- **Dataset content**
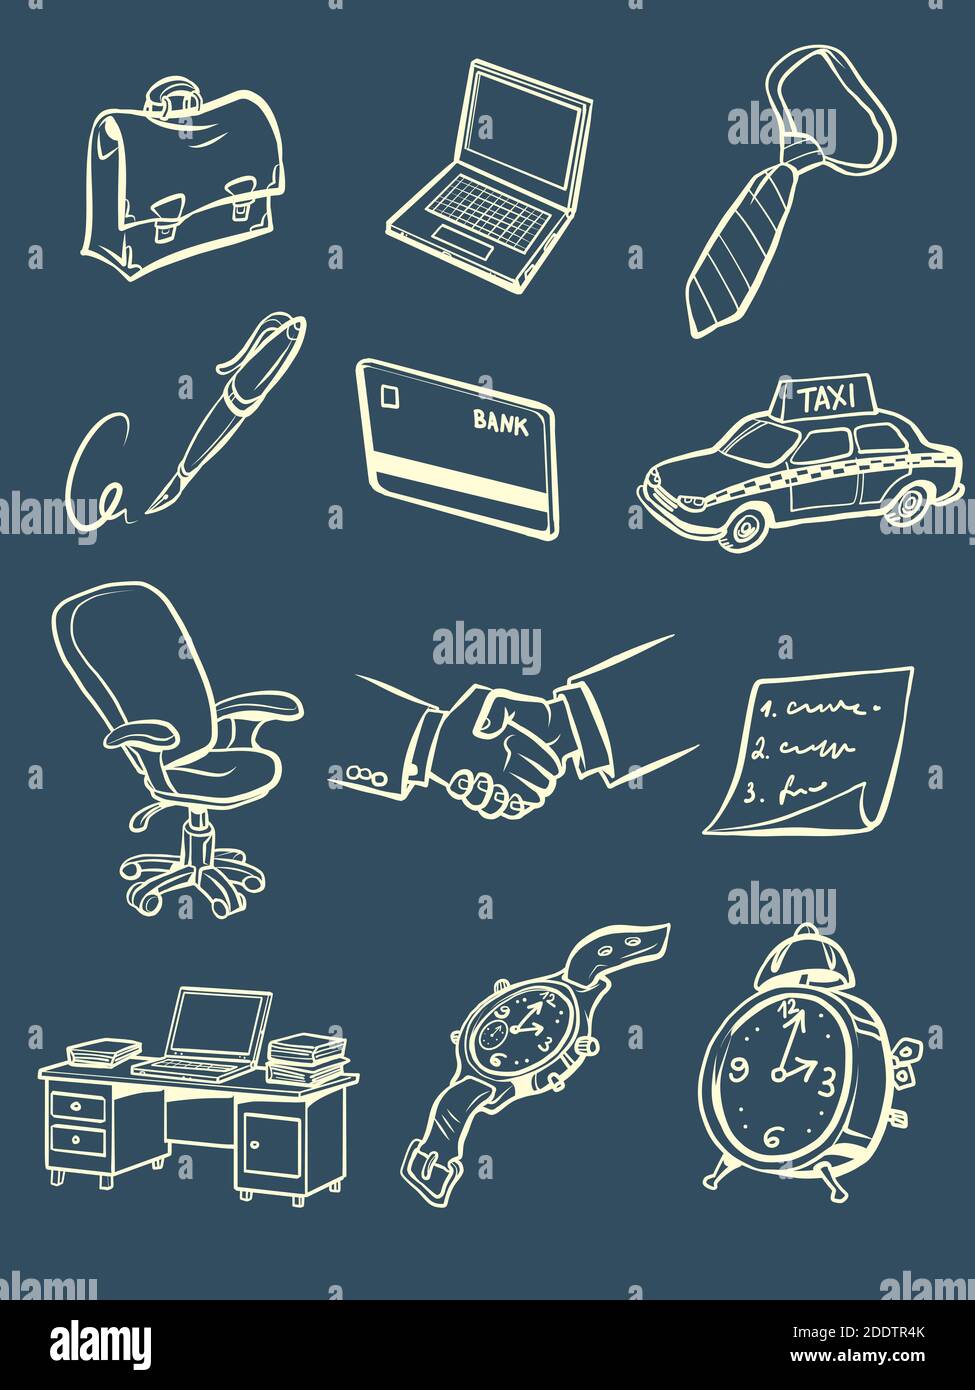 Business accessories things of a businessman collection set icons
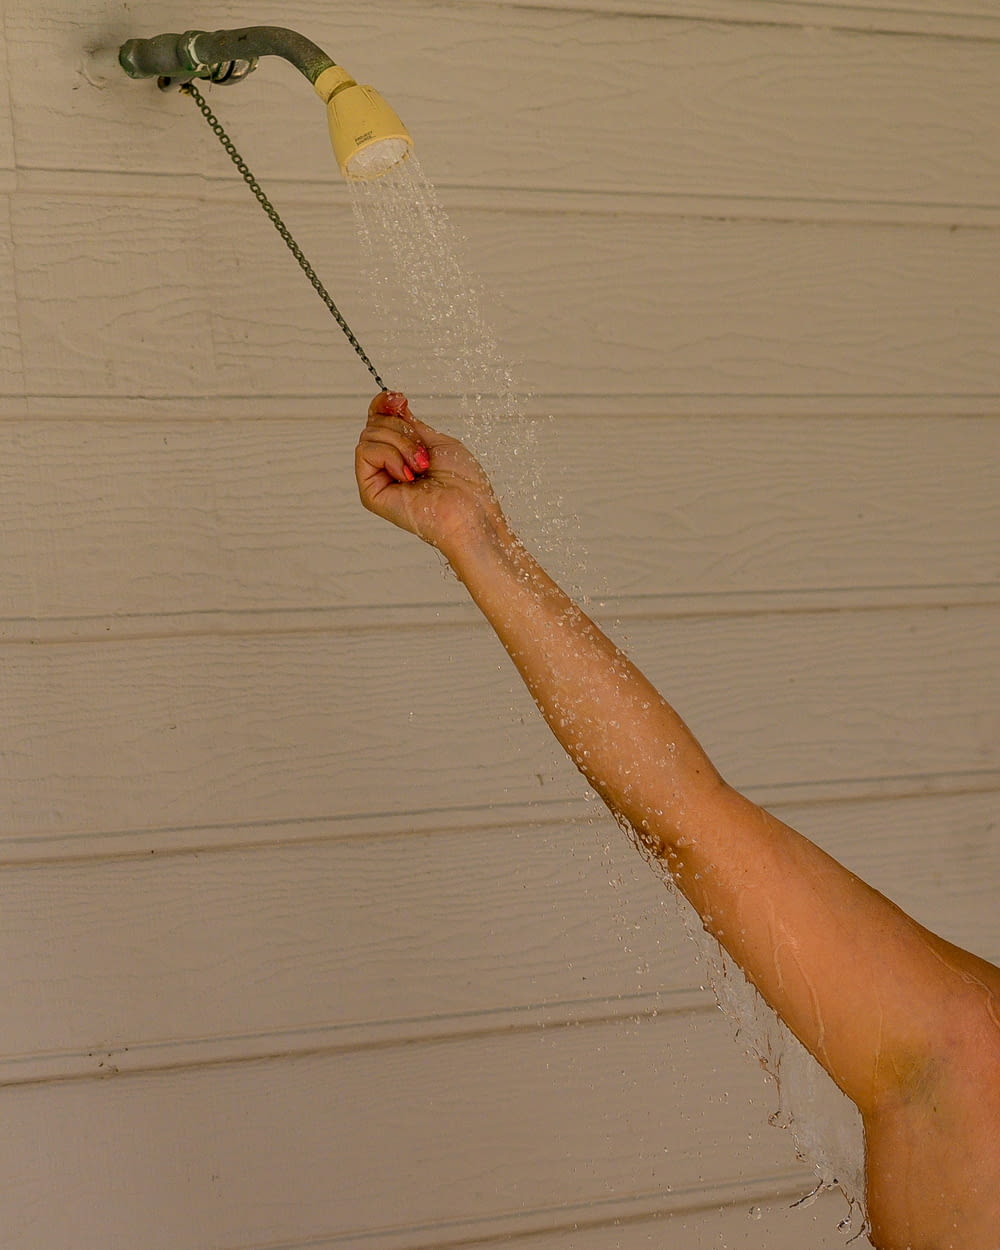 a person is spraying water from a shower head
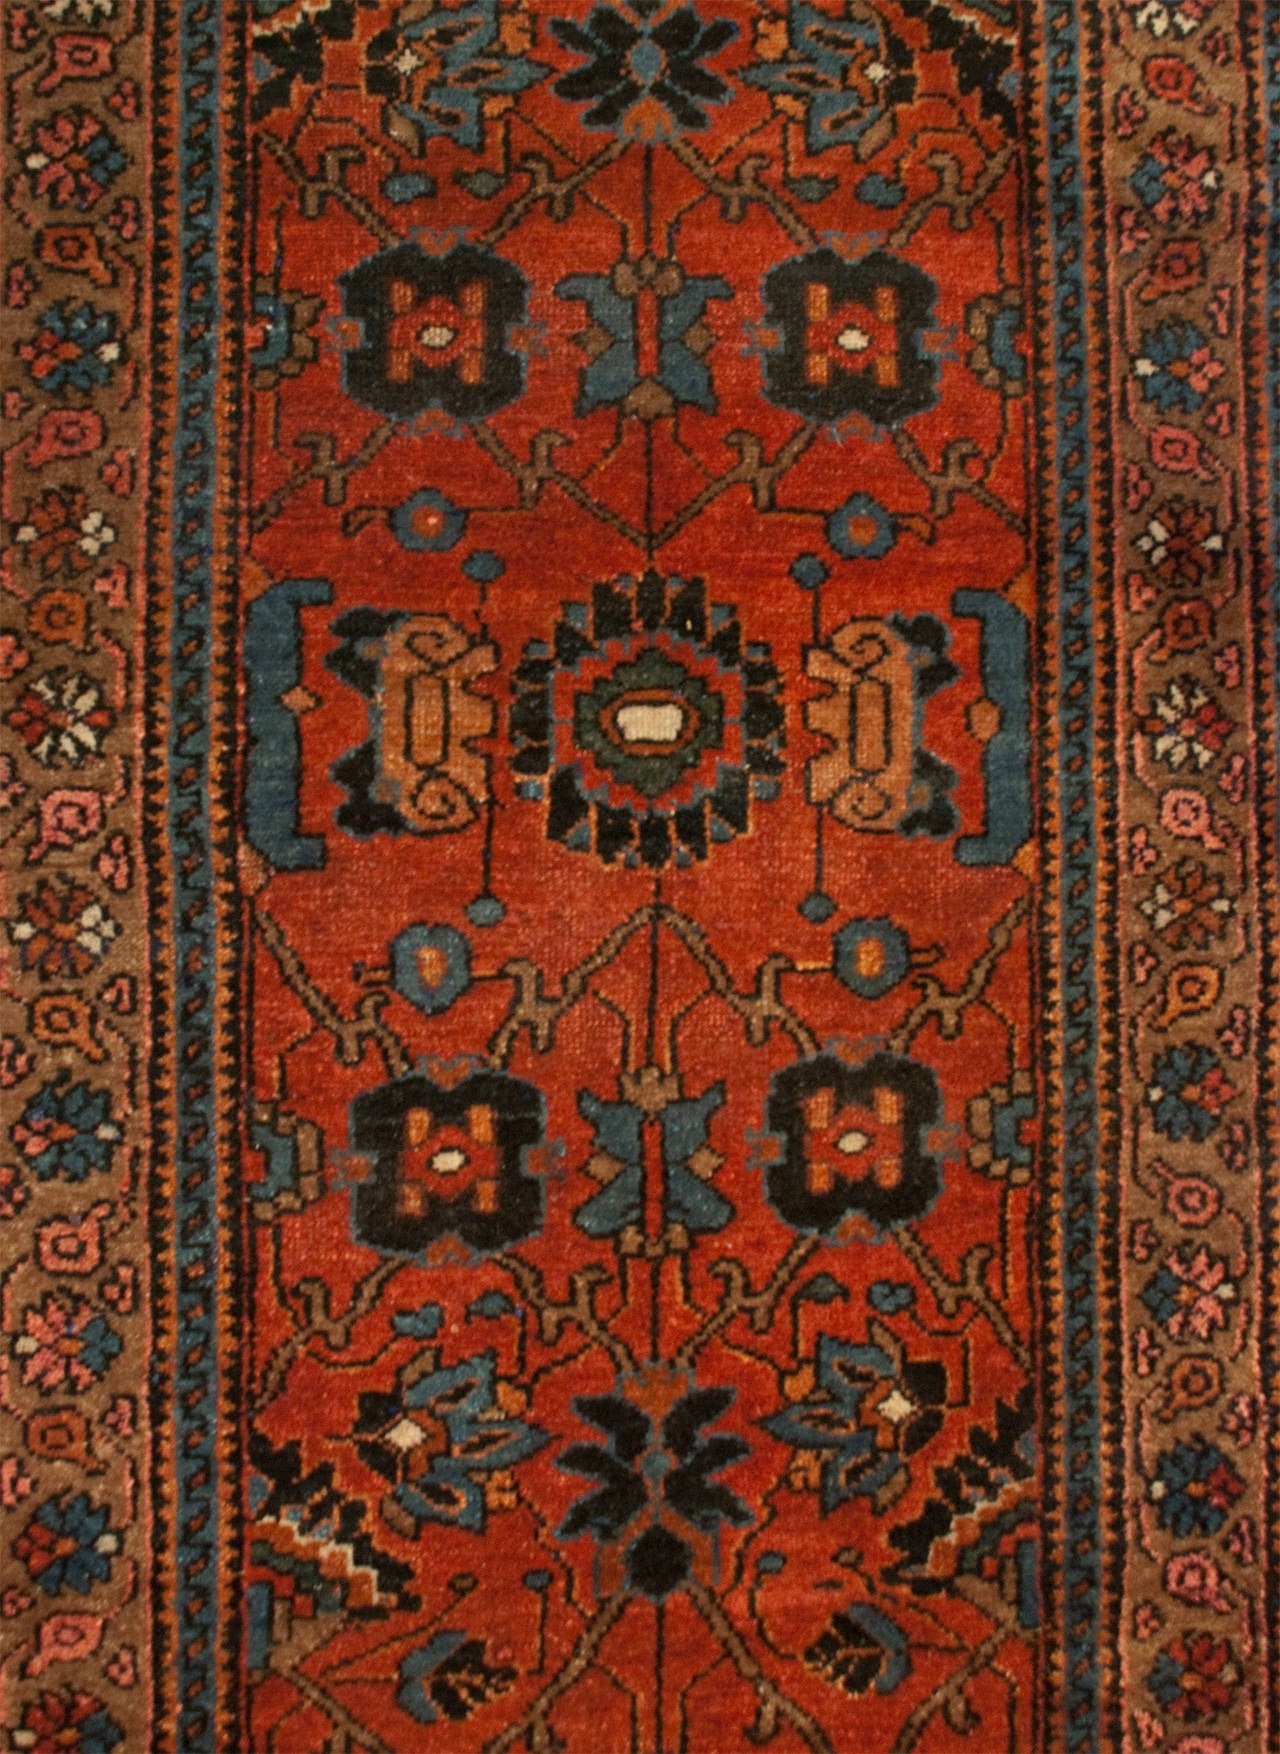 An early 20th century Persian Lilihan runner with an all-over floral pattern, on a rusty-carrot background, surrounded by a contrasting floral border.
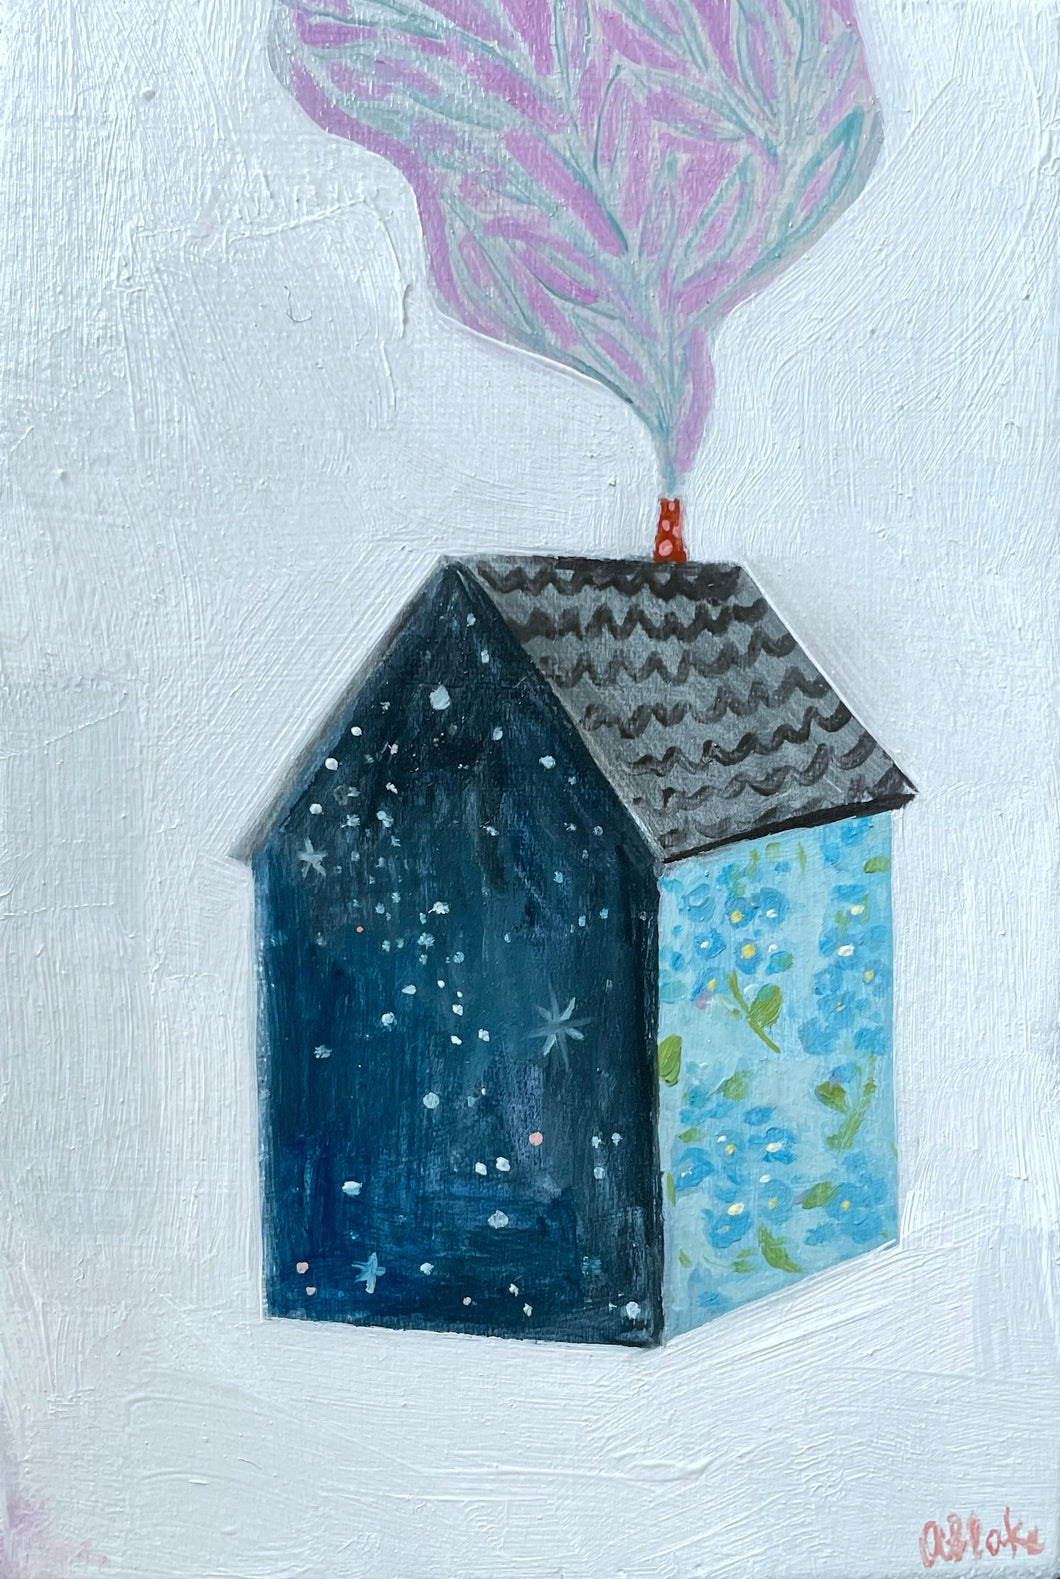 A home made of starlight and memories

- **Task goal**
Copy the data exactly. Any picture it contains is to be omitted.

- **Written solution**
 Business accessories things of a businessman collection set icons
 a person is spraying water from a shower head
 An early 20th century Persian Lilihan runner with an all-over floral pattern, on a rusty-carrot background, surrounded by a contrasting floral border.
 A home made of starlight and memories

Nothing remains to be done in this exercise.